[go: up one dir, main page]

CN103905250B - A kind of method of optimum management cluster state - Google Patents

A kind of method of optimum management cluster state Download PDF

Info

Publication number
CN103905250B
CN103905250B CN201410106962.5A CN201410106962A CN103905250B CN 103905250 B CN103905250 B CN 103905250B CN 201410106962 A CN201410106962 A CN 201410106962A CN 103905250 B CN103905250 B CN 103905250B
Authority
CN
China
Prior art keywords
cluster
status
state
resource
group
Prior art date
Legal status (The legal status is an assumption and is not a legal conclusion. Google has not performed a legal analysis and makes no representation as to the accuracy of the status listed.)
Active
Application number
CN201410106962.5A
Other languages
Chinese (zh)
Other versions
CN103905250A (en
Inventor
孟宪伟
周博
王倩
Current Assignee (The listed assignees may be inaccurate. Google has not performed a legal analysis and makes no representation or warranty as to the accuracy of the list.)
Inspur Cloud Information Technology Co Ltd
Original Assignee
Inspur Electronic Information Industry Co Ltd
Priority date (The priority date is an assumption and is not a legal conclusion. Google has not performed a legal analysis and makes no representation as to the accuracy of the date listed.)
Filing date
Publication date
Application filed by Inspur Electronic Information Industry Co Ltd filed Critical Inspur Electronic Information Industry Co Ltd
Priority to CN201410106962.5A priority Critical patent/CN103905250B/en
Publication of CN103905250A publication Critical patent/CN103905250A/en
Application granted granted Critical
Publication of CN103905250B publication Critical patent/CN103905250B/en
Active legal-status Critical Current
Anticipated expiration legal-status Critical

Links

Landscapes

  • Data Exchanges In Wide-Area Networks (AREA)

Abstract

本发明提供一种优化管理集群状态的方法,该方法适用于大规模高可用集群的状态管理,涉及集群状态,组状态和资源状态,特别是针对带宽和响应时间要求较高的环境。只保留资源状态更新逻辑,取消组状态更新及集群状态更新函数,组状态和集群状态设置完全包含在资源状态更新逻辑中,同时取消了集群IP的限制,优化了集群处理逻辑。

The invention provides a method for optimizing and managing the cluster state, which is applicable to the state management of large-scale high-availability clusters, involves cluster state, group state and resource state, and is especially aimed at environments with high bandwidth and response time requirements. Only the resource status update logic is reserved, and the group status update and cluster status update functions are cancelled. The group status and cluster status settings are completely included in the resource status update logic.
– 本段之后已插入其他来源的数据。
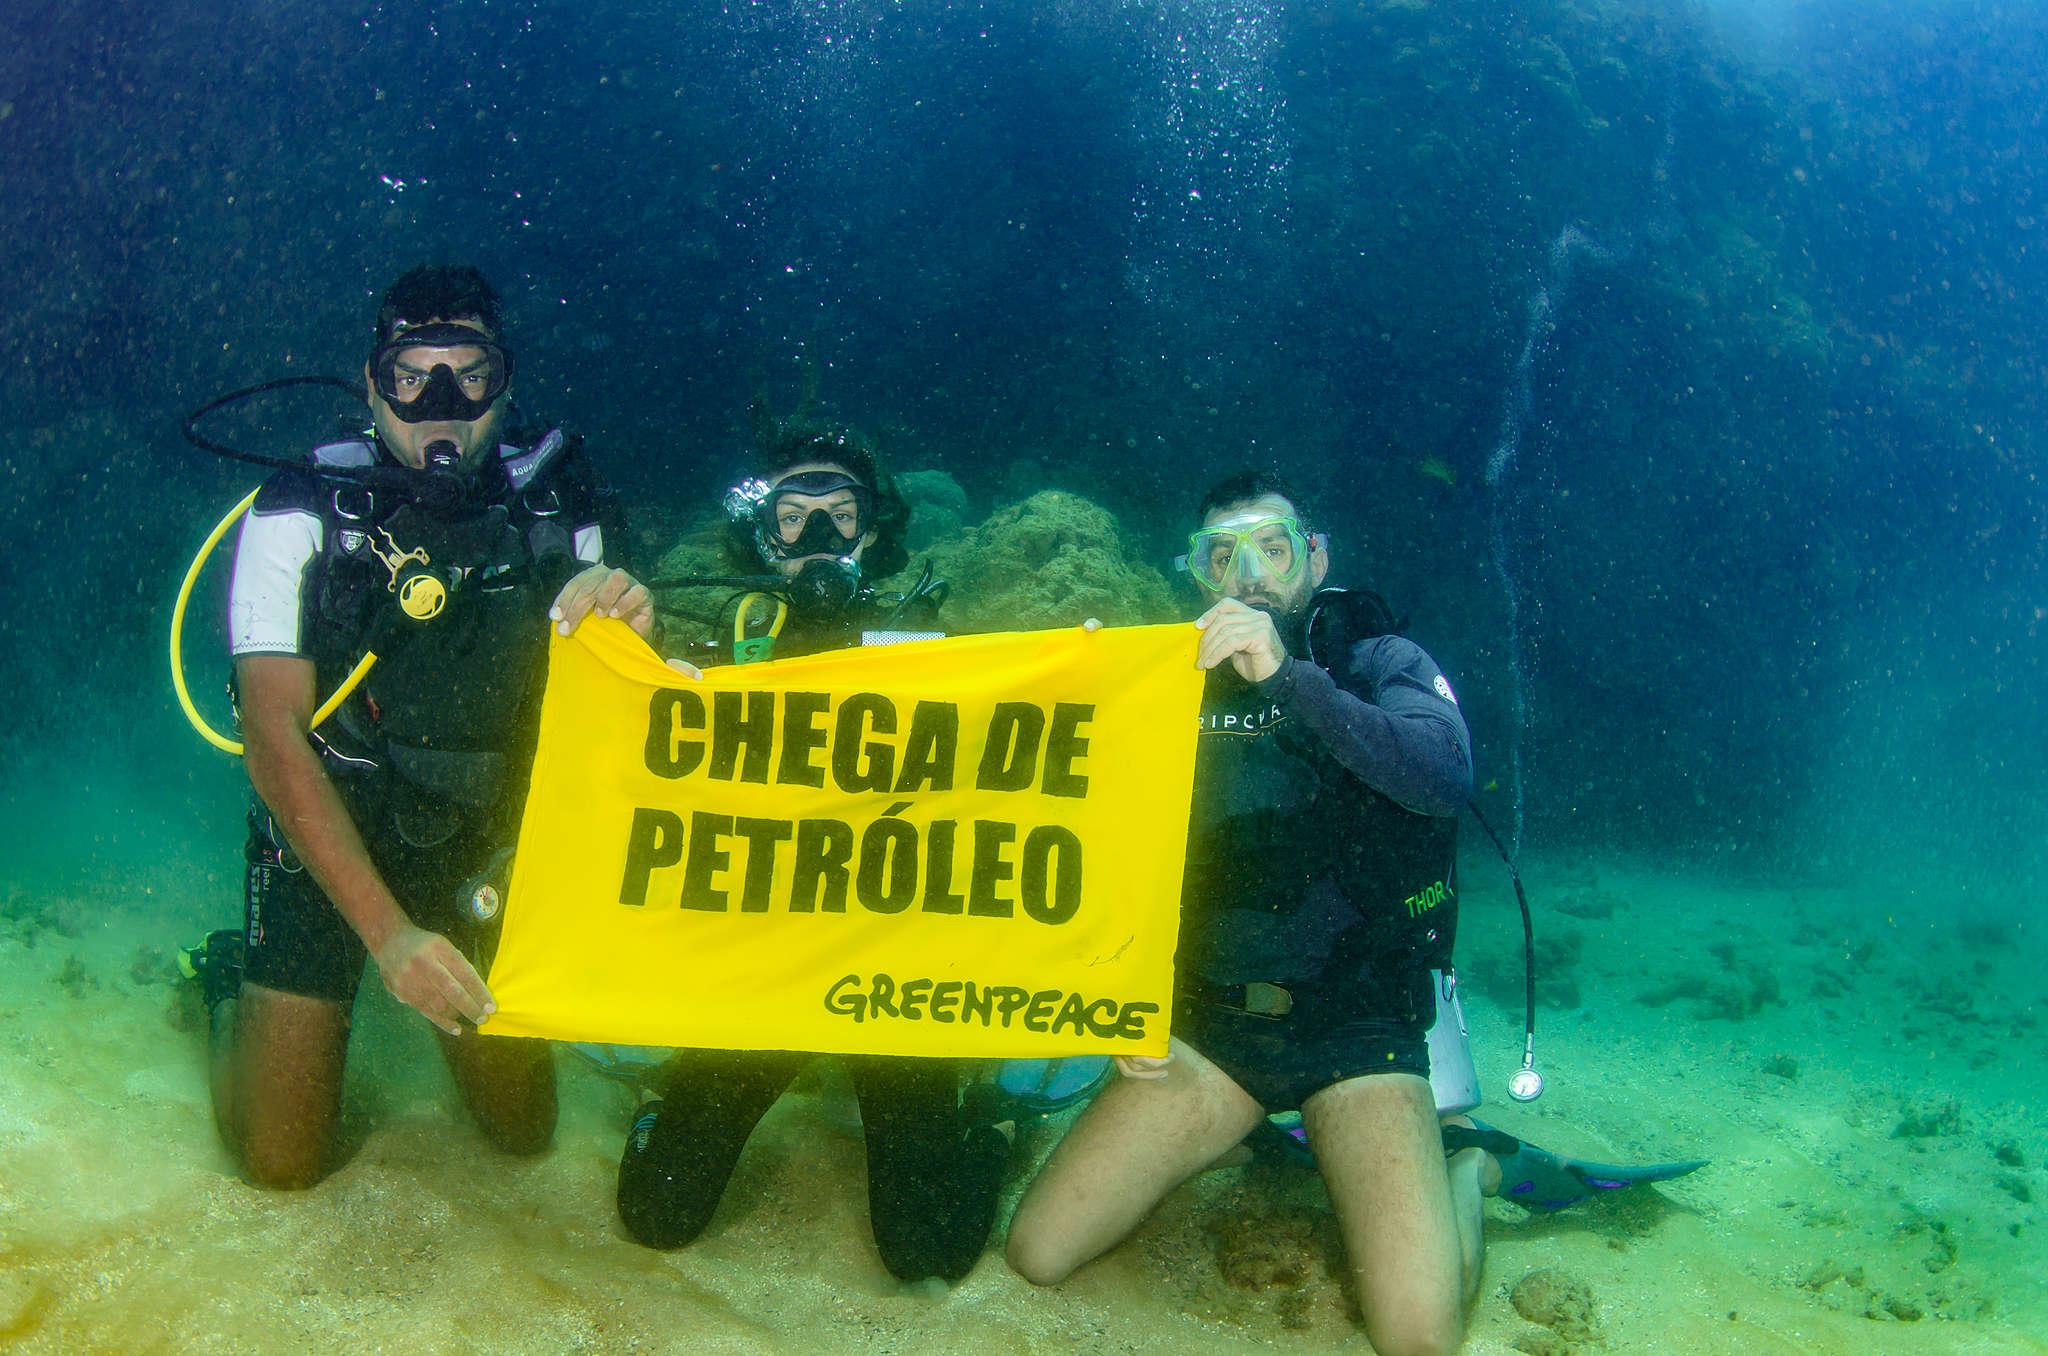 No litoral sul de Pernambuco, pesquisadores e ativistas abrem banner no fundo do mar durante expedição marítima. Chega de Petróleo. © Max Cavalcanti / Greenpeace
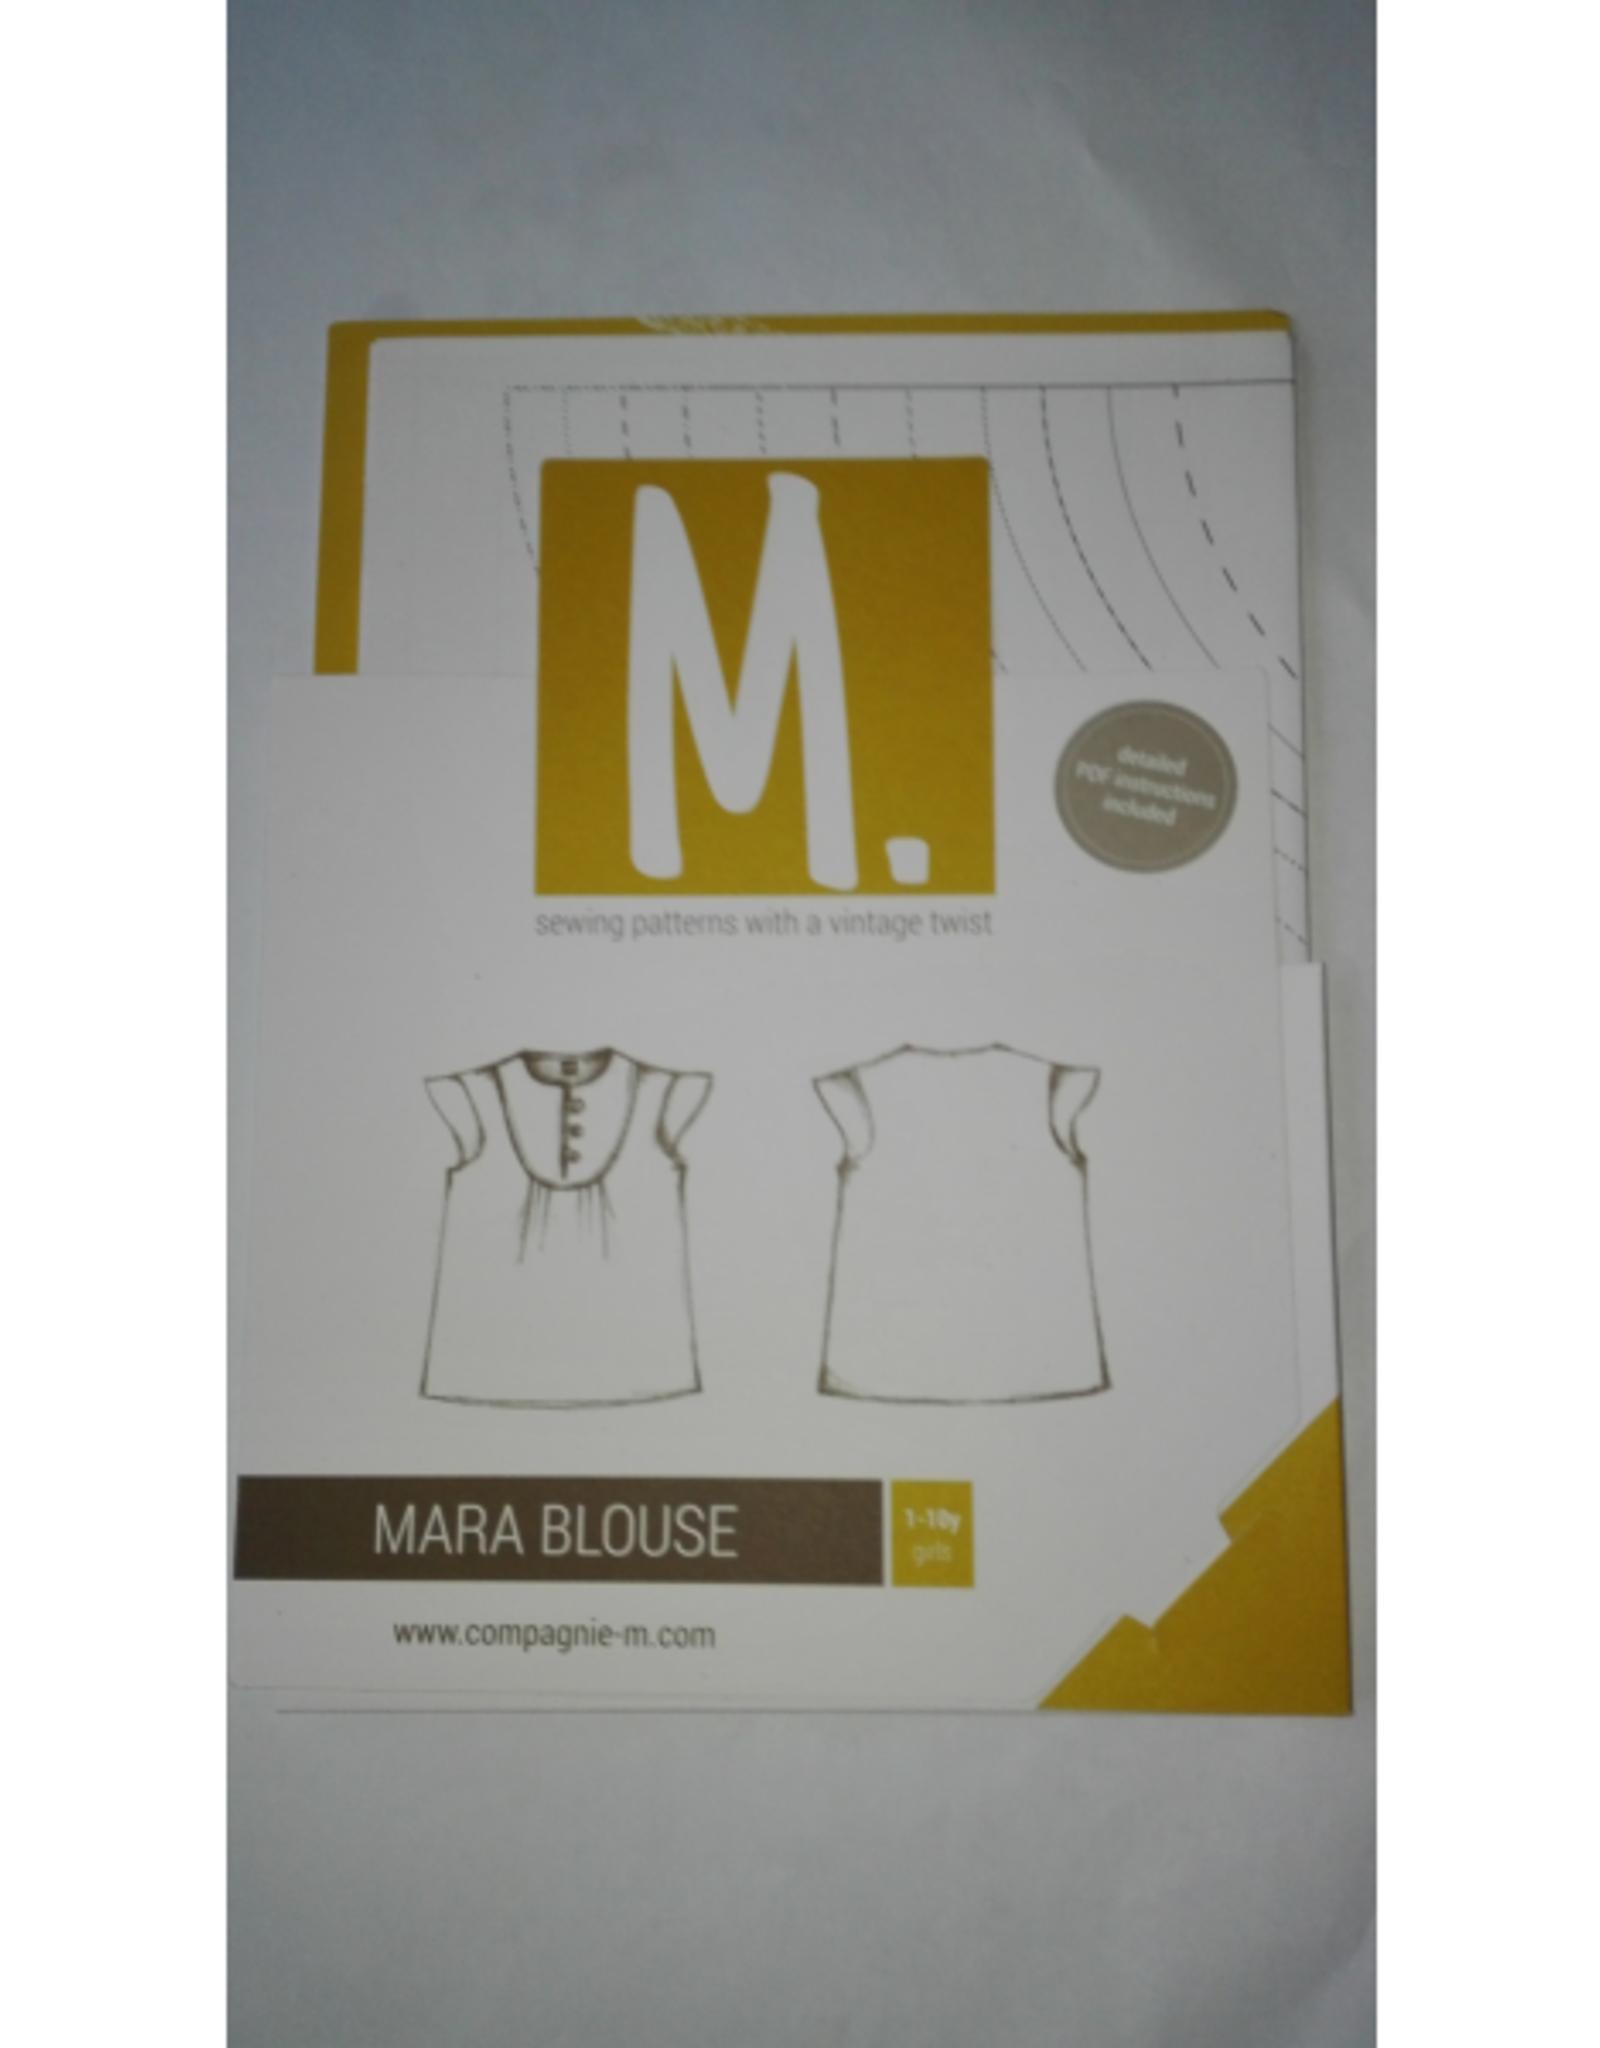 Compagnie M Compagnie M Mara blouse
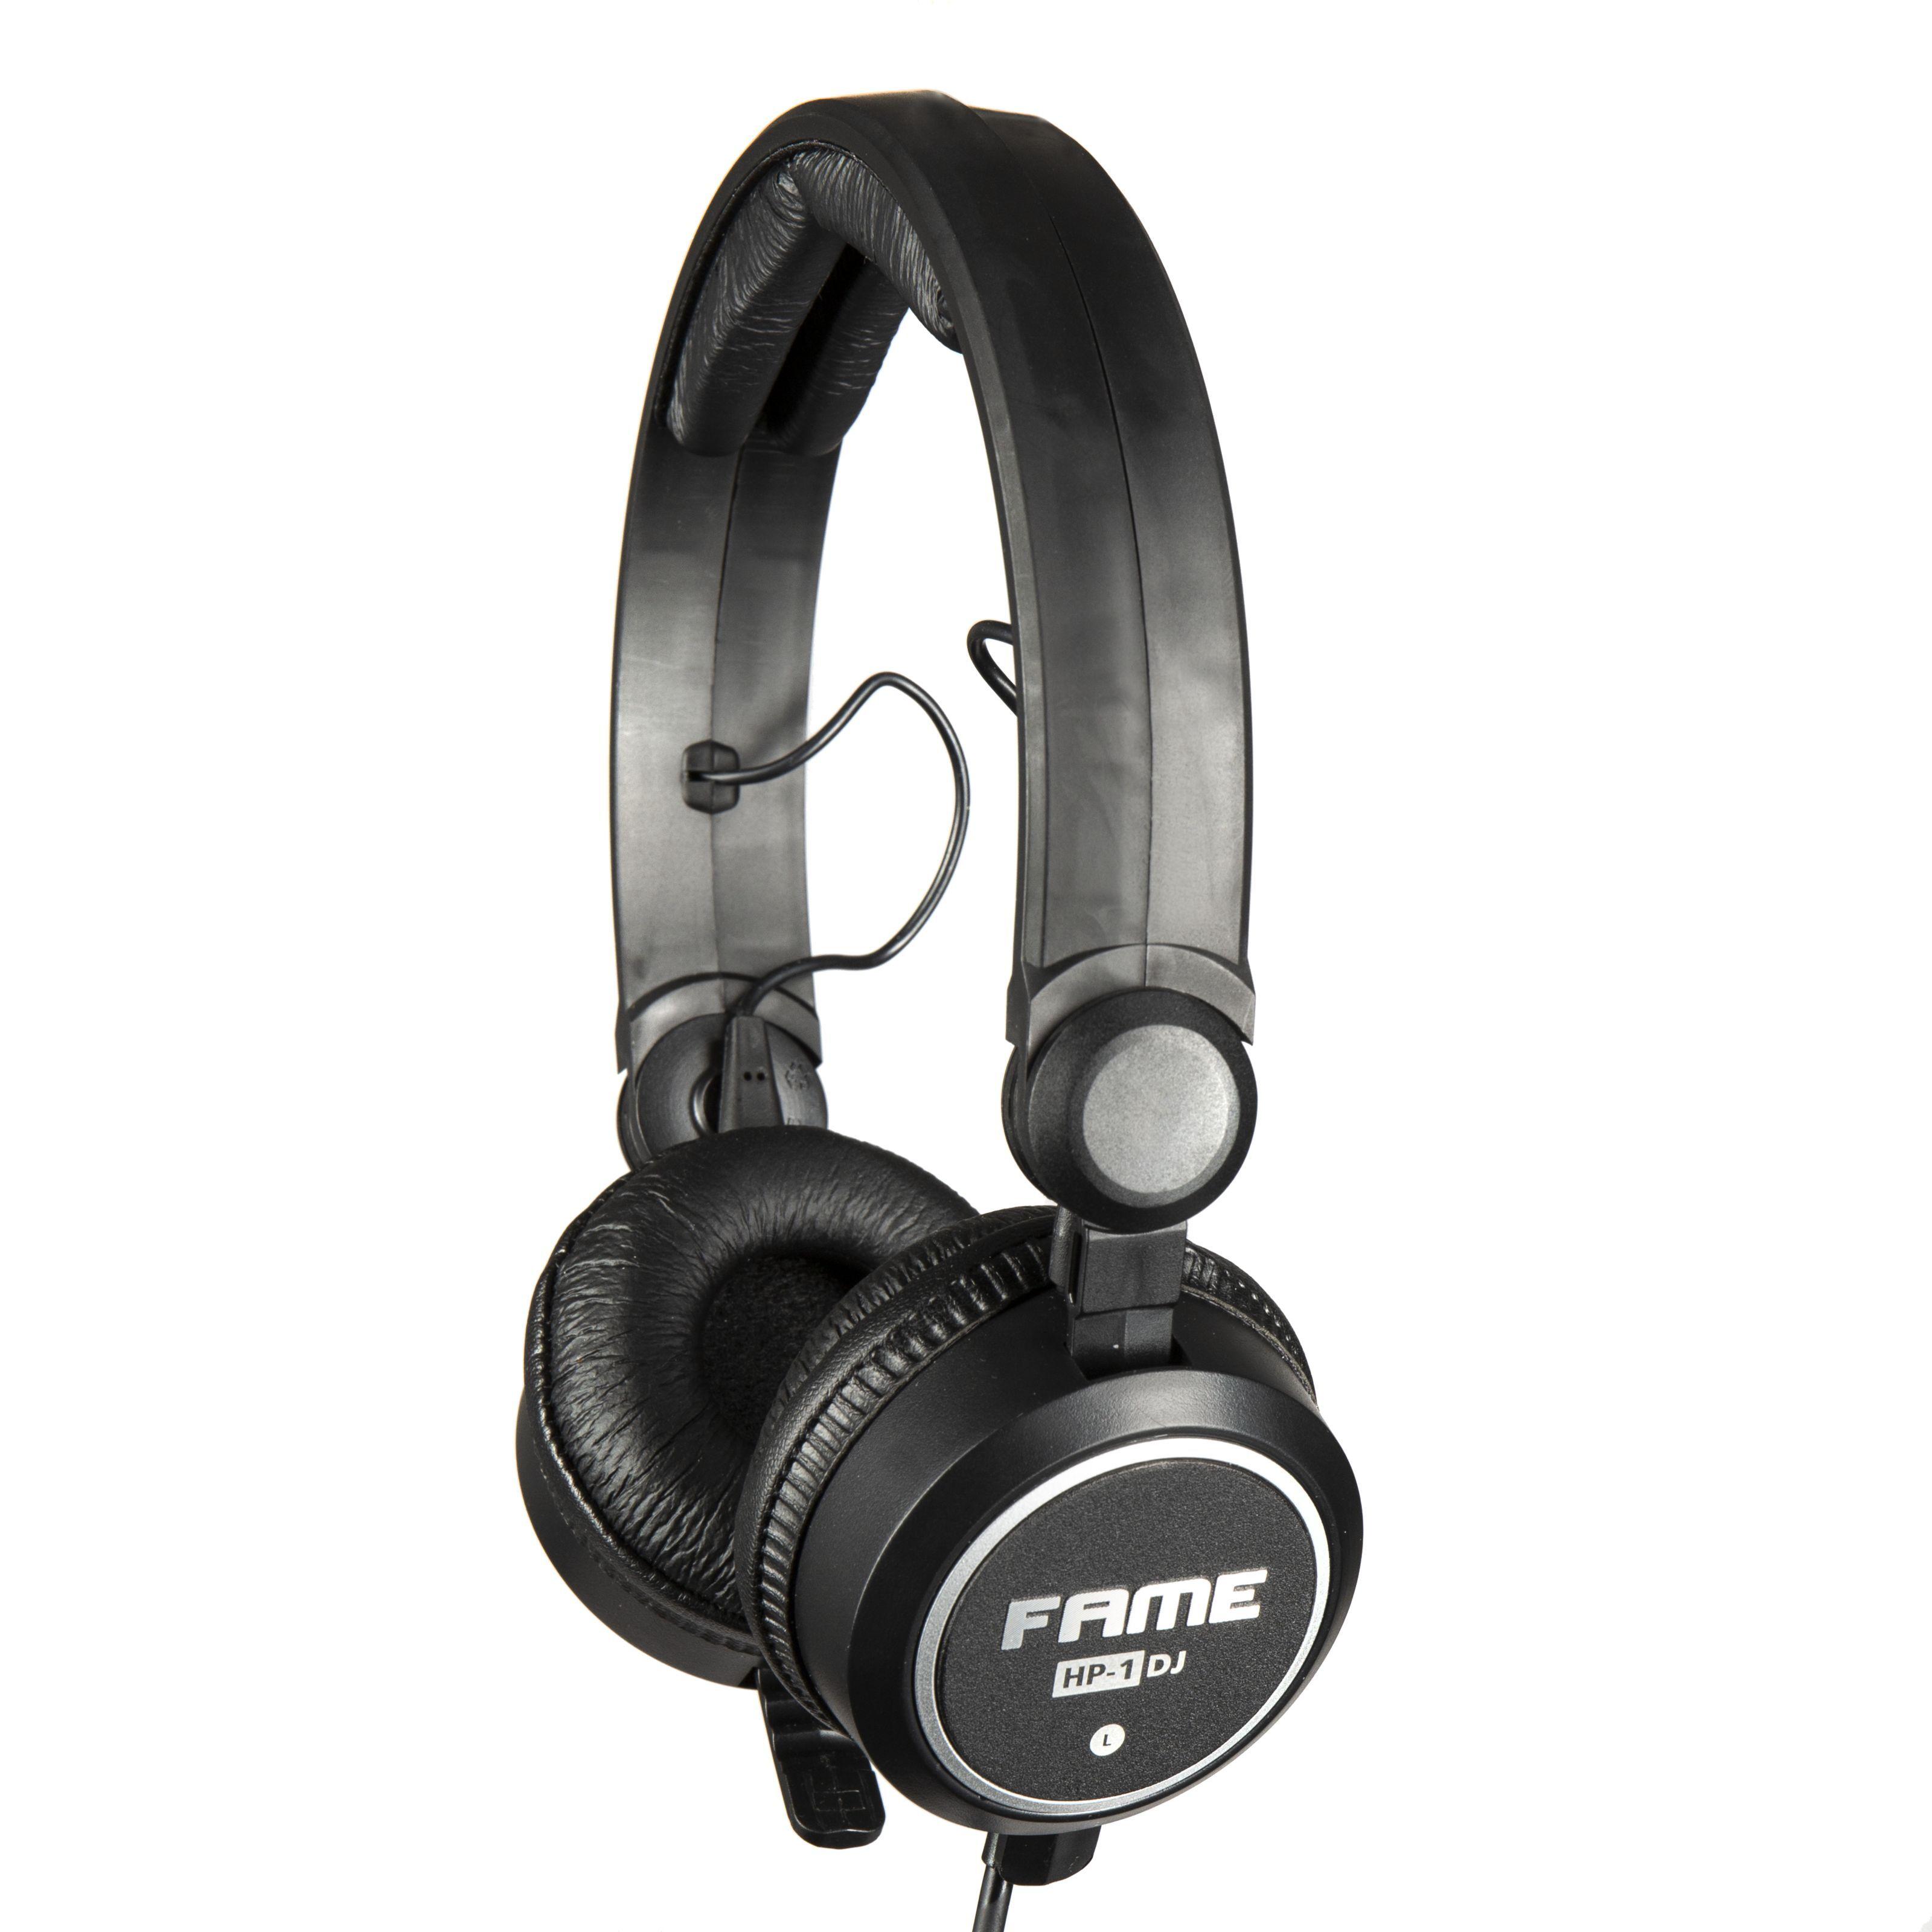 Fame Audio HP 1 DJ

At the same time, the cluster IP restriction is canceled, and the cluster processing logic is optimized.

Description

一种优化管理集群状态的方法A Method for Optimally Managing Cluster State

技术领域technical field

本发明涉及计算机领域,尤其涉及高可用集群管理,具体地说是一种优化管理集群状态的方法。The invention relates to the computer field, in particular to high-availability cluster management, in particular to a method for optimizing and managing the cluster state.

背景技术Background technique

在高可用集群管理中,状态管理是很重要的,因为它是一切活动的触发条件和最终处理,集群是否能够保持高可用性,很大程度上取决于状态管理的正确性和及时性。而在正常的集群活动中,无论是启停集群还是启停组或资源,都会触发很多的资源,组和集群的状态更新,经常接触高可用集群的人会发现,此时状态更新占去了大部分带宽,甚至会拖延到正常的集群活动。在集群有异常发生的时候,集群的状态更新同样会影响到集群对于异常的处理速度。In high-availability cluster management, state management is very important, because it is the trigger condition and final processing of all activities. Whether the cluster can maintain high availability largely depends on the correctness and timeliness of state management. In normal cluster activities, whether it is starting and stopping the cluster or starting and stopping the group or resources, it will trigger a lot of resource, group and cluster status updates. People who often contact high-availability clusters will find that status updates take up Most of the bandwidth will be stalled even to normal cluster activity. When an exception occurs in the cluster, the status update of the cluster will also affect the processing speed of the cluster for the exception.

因此,如何能够有效地减少集群状态更新对于高可用集群管理就显得格外重要。另外原有的集群管理中一般都会为了标记主节点,而单独设立一个集群IP,这即对于一些状态管理有所障碍,对于用户也会造成一定的困扰,因为在大部分应用场景中,由于处于内网环境中,因此IP都为非常宝贵的资源,如果能去掉集群IP的要求,便节省了IP资源。Therefore, how to effectively reduce cluster status updates is particularly important for high-availability cluster management. In addition, in the original cluster management, a separate cluster IP is generally set up in order to mark the master node, which hinders some status management and causes certain troubles for users, because in most application scenarios, due to In the intranet environment, IP is a very precious resource. If the requirement of cluster IP can be removed, IP resources will be saved.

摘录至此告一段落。